微風出版「導出物理」の著者による物理・数学の学習戦略ブログ

こんな勘違い教師もいた

 かつて私が高校生だったころ、こんな化学の教師がいました。実験とそのレポートを何度も課す教師でしたが、その実験というのは教科書とは関係のないものです。具体的なことは覚えていませんが、未知の物質について様々な実験をして、それを自分なりに考察させるというものです。その動機とは、大学ではそれが当たり前になるので、その準備が必要である、というものでした。当時はただただ苦痛でしたが、今では教師の方が勘違いしていると確信しています。
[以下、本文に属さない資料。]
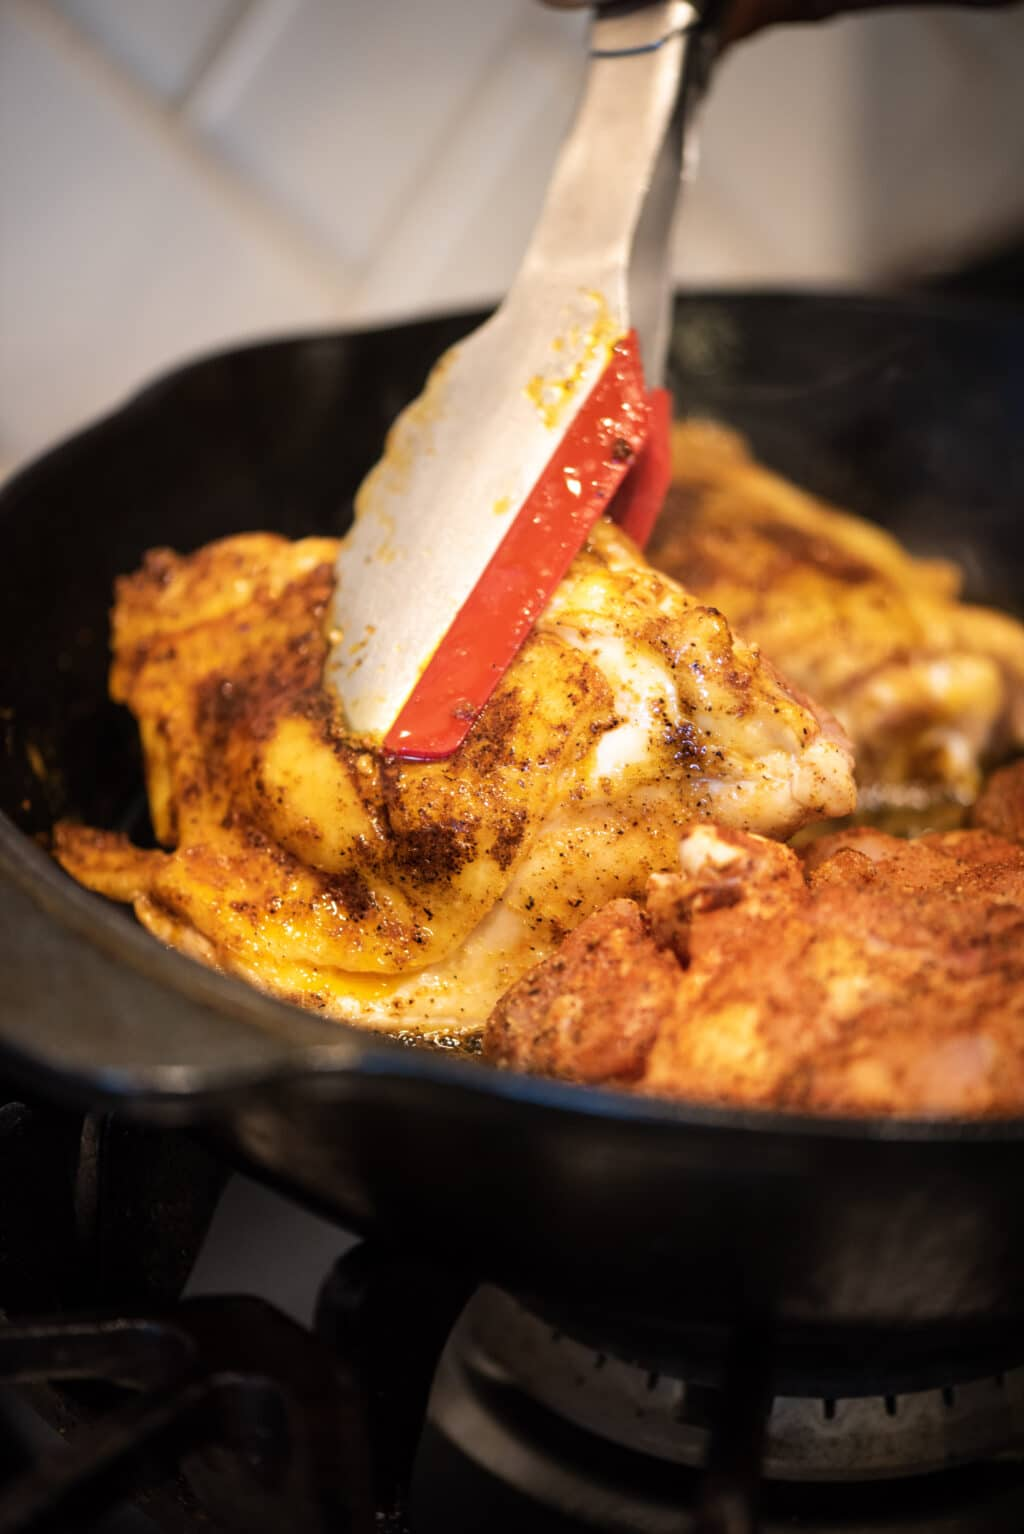 Pan-searing seasoned chicken thighs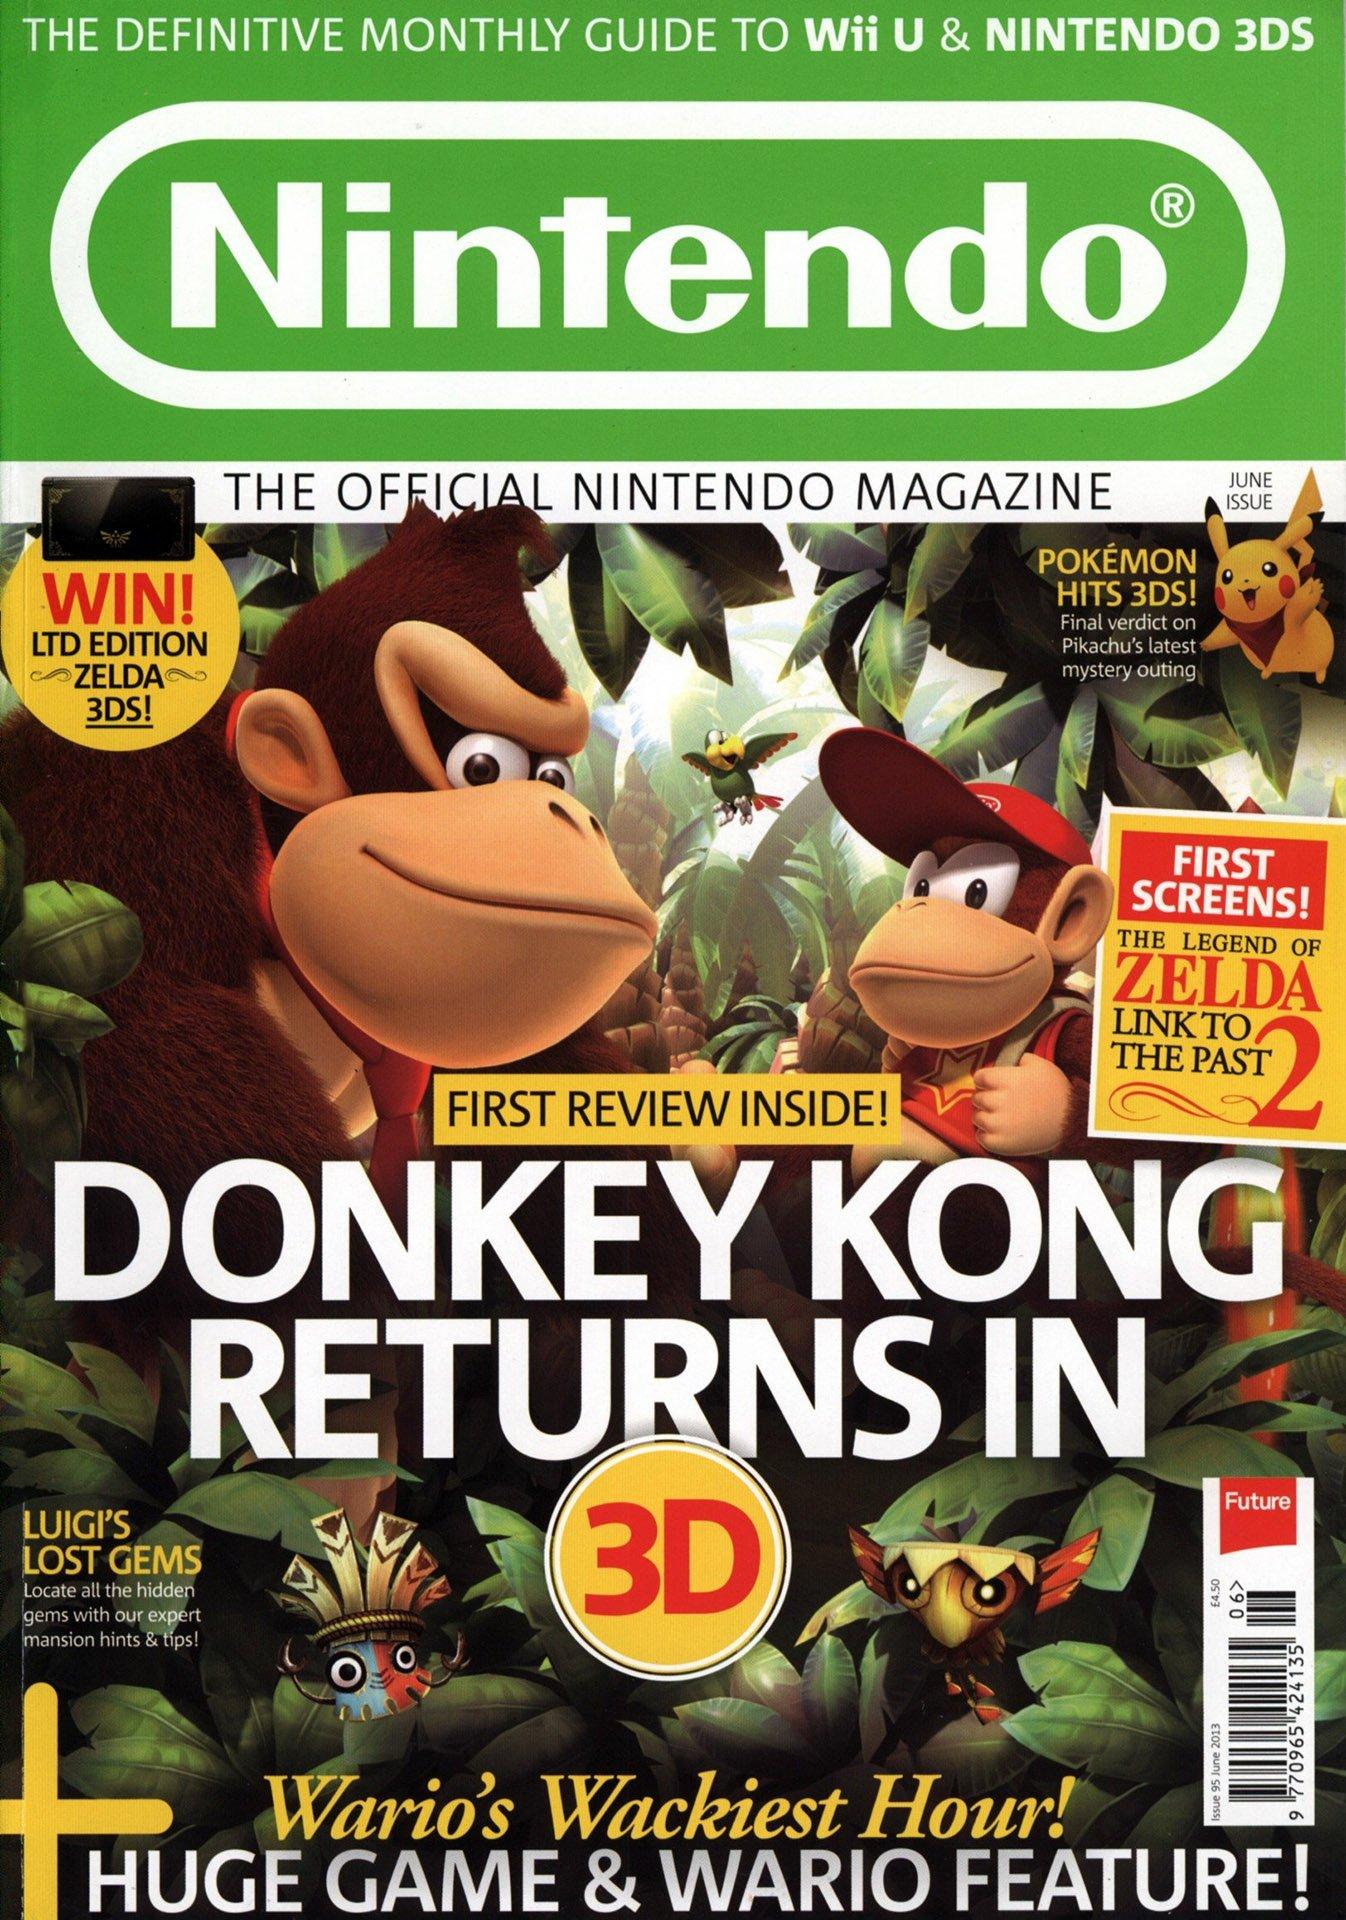 Official Nintendo Magazine 095 (June 2013)

 そもそも化学を習ったばかりで、物質の種類もそれほど知らない、化学反応式もそれほど知らない、定期テストの平均点も30~40点というほど多くの生徒が苦しんでいる状況で、自分なりに考察してレポートなんてかけるわけがないのです。漢字やひらがながまともに書けないのに、読書感想文を書いてこいと言っているようなものです。

 そんなレポートをさせている暇があるなら、少しでも補習授業や小テスト、演習をやって、基本的な知識を身につけさせるべきです。その化学教師は自分が大学で習った教育が高校で教えるべきものなのだと勘違いしていたのでしょう。

 私の塾の中学生の生徒が通う学校にも、同様にレポートを課す教師がいたそうです。中学生ですから、考察してレポートを書くとなると、みんなパニックになるに決まっています。その教師は生徒から大変な批判を浴び、補助教員に降格したそうです。そして驚くべきことに、その教師は割と年配のベテラン教師だったということです。

 学校教員というのは本当に恐ろしいものです。頑張ろうがなかろうが、首になることはほとんどなく、十分すぎるほどの給料をもらえるので、創意工夫をしなくなり、常識にも疎くなりやすい。つまり、学校教員というのは頭がどんどん退化していく可能性を秘めている職業と言えます。

 自主的に創意工夫できない人、社会常識にも疎い人、安定だからという理由で学校教員になりたいと人は、是非とも学校教員にならないでいただきたい。社会にとっても害ですし、本人にとっても不幸だからです。